This is called a memory leak. Memory leaks happen when your program loses the address of some bit of dynamically allocated memory before giving it back to the operating system. When this happens, your program can’t delete the dynamically allocated memory, because it no longer knows where it is. The operating system also can’t use this memory, because that memory is considered to be still in use by your program.
Memory leaks eat up free memory while the program is running, making less memory available not only to this program, but to other programs as well. Programs with severe memory leak problems can eat all the available memory, causing the entire machine to run slowly or even crash. Only after your program terminates is the operating system able to clean up and “reclaim” all leaked memory.
Although memory leaks can result from a pointer going out of scope, there are other ways that memory leaks can result.

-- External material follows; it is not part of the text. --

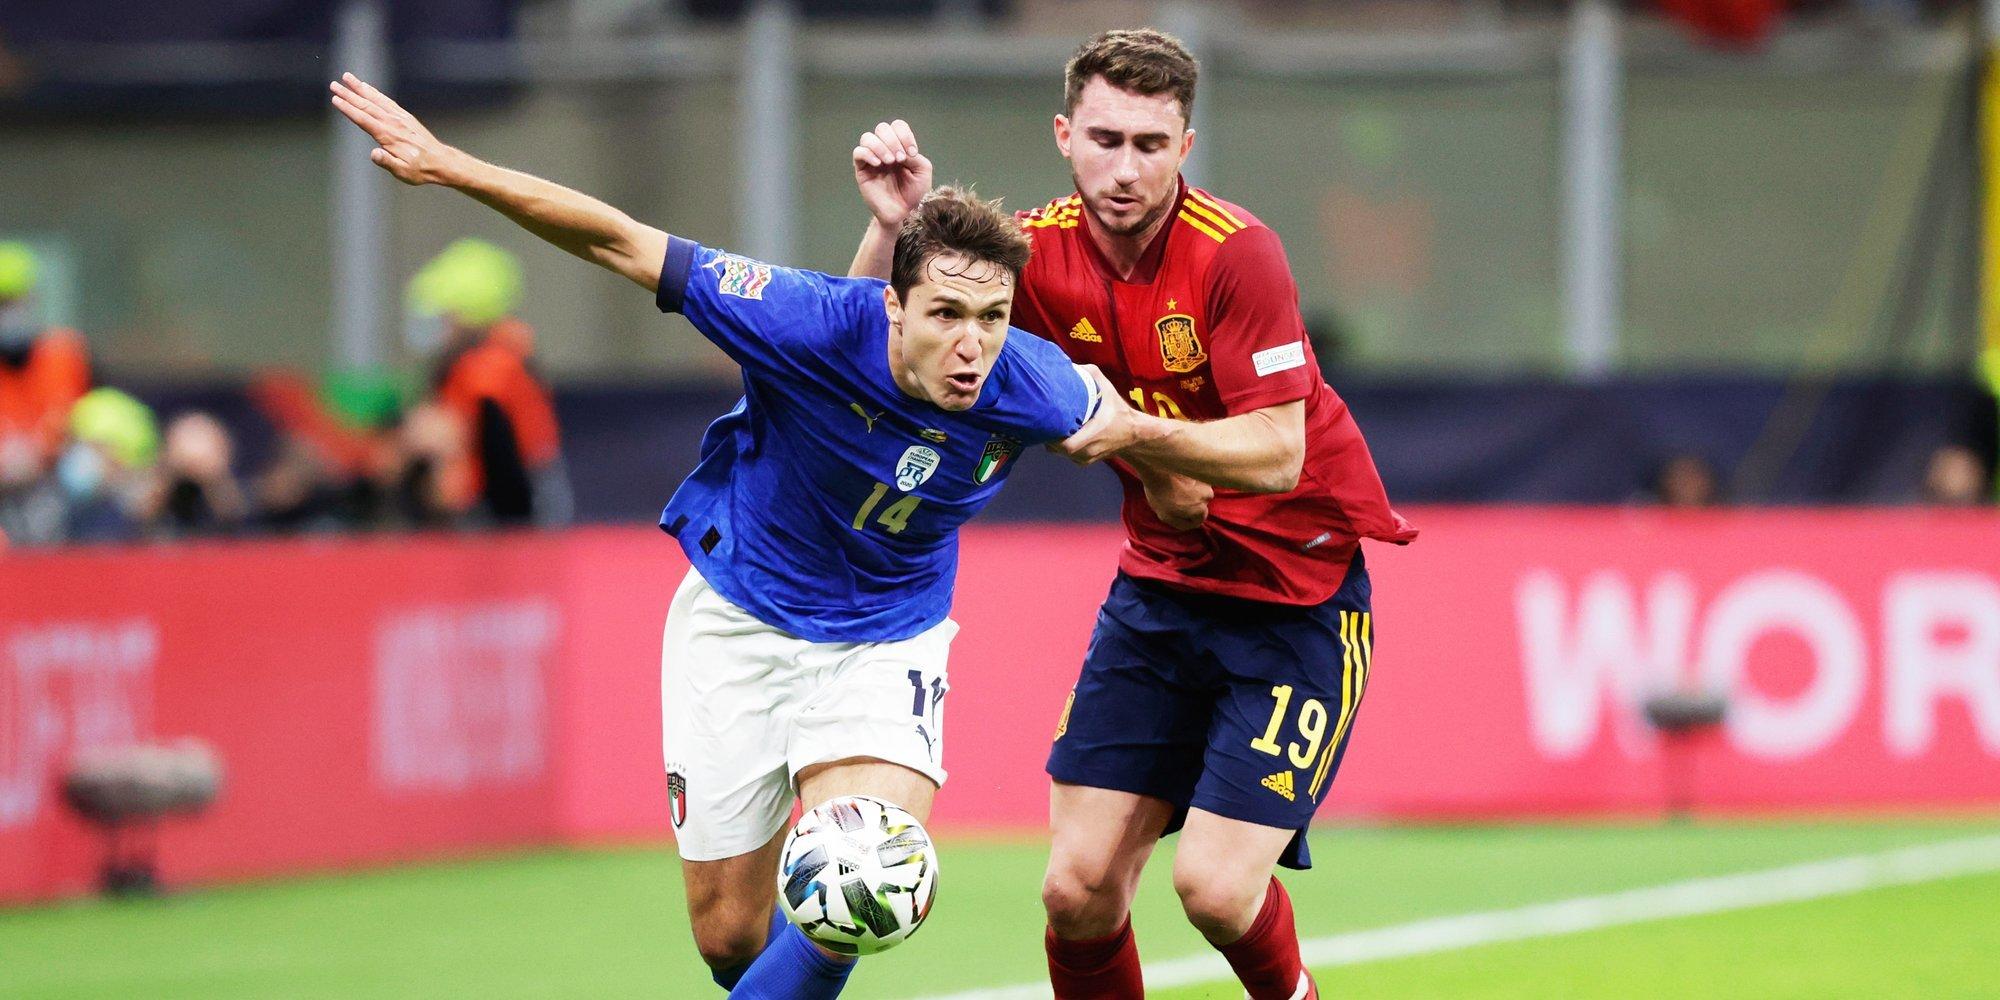 Испания вышла в финал Лиги наций, прервав рекордную серию Италии

For example, a memory leak can occur if a pointer holding the address of the dynamically allocated memory is assigned another value:
int value = 5;
int *ptr{ new int{} }; // allocate memory
ptr = &value; // old address lost, memory leak results
// This can be fixed by deleting the pointer before reassigning it:
int value{ 5 };
int *ptr{ new int{} }; // allocate memory
delete ptr; // return memory back to operating system
ptr = &value; // reassign pointer to address of value
// Relatedly, it is also possible to get a memory leak via double-allocation:
int *ptr{ new int{} };
ptr = new int{}; // old address lost, memory leak results
Dynamically allocating arrays
To allocate an array dynamically, we use the array form of new and delete (often called new[] and delete[]):
#include <iostream>
#include <cstddef> // std::size_t
int main()
{
std::cout << "Enter a positive integer: ";
std::size_t length{};
std::cin >> length;
int *array{ new int[length]{} }; // use array new. Note that length does not need to be constant!

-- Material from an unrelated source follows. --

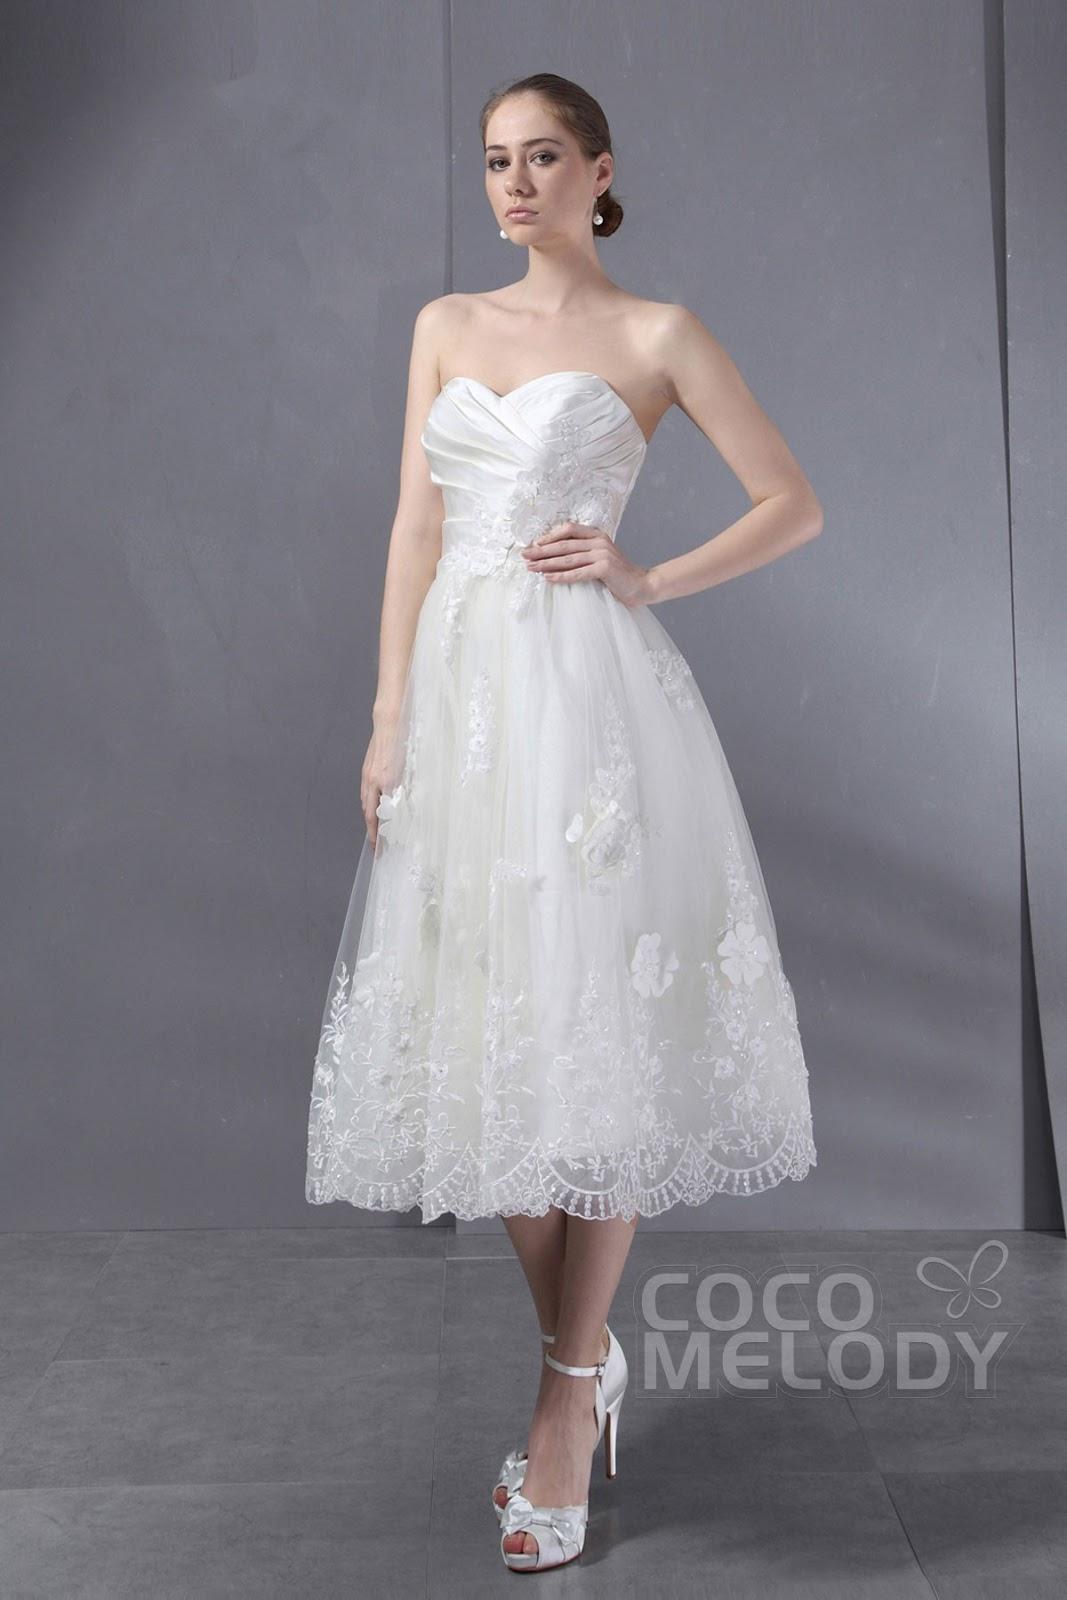 flower girl dresses : Ground length designer wedding dresses are ...

std::cout << "I just allocated an array of integers of length " << length << '\n';
array[0] = 5; // set element 0 to value 5
delete[] array; // use array delete to deallocate array
// we don't need to set array to nullptr/0 here because it's going to go out of scope immediately after this anyway
return 0;
}
Member selection with pointers and references
struct Person
{
int age{};
double weight{};
};
Person person{};
// Member selection using actual struct variable
person.age = 5;
This syntax also works for references:
struct Person
{
int age{};
double weight{};
};
Person person{}; // define a person
// Member selection using reference to struct
Person& ref{ person };
ref.age = 5;
However, with a pointer, you need to use the arrow operator:
struct Person
{
int age{};
double weight{};
};
Person person{};
// Member selection using pointer to struct
Person* ptr{ &person };
ptr->age = 5;
Rule
When using a pointer to access the value of a member, use operator-> instead of operator. (the . operator)
The member selection operator is always applied to the currently selected variable. If you have a mix of pointer- and normal member variables, you can see member selections where . and -> are mixed.
#include <iostream>
#include <string>
struct Paw
{
int claws{};
};
struct Animal
{
std::string name{};
Paw paw{};
};
int main()
{
Animal puma{ "Puma", { 5 } };
Animal* pointy{ &puma };
// pointy is a pointer, use ->
// paw is not a pointer, use .
std::cout << pointy->paw.claws << '\n';
return 0;
}
An introduction to std::array
std::array provides fixed array functionality that won’t decay when passed into a function. std::array is defined in the <array>
header, inside the std namespace.
#include <array>
std::array<int, 3> myArray; // declare an integer array with length 3
Just like the native implementation of fixed arrays, the length of a std::array must be known at compile time.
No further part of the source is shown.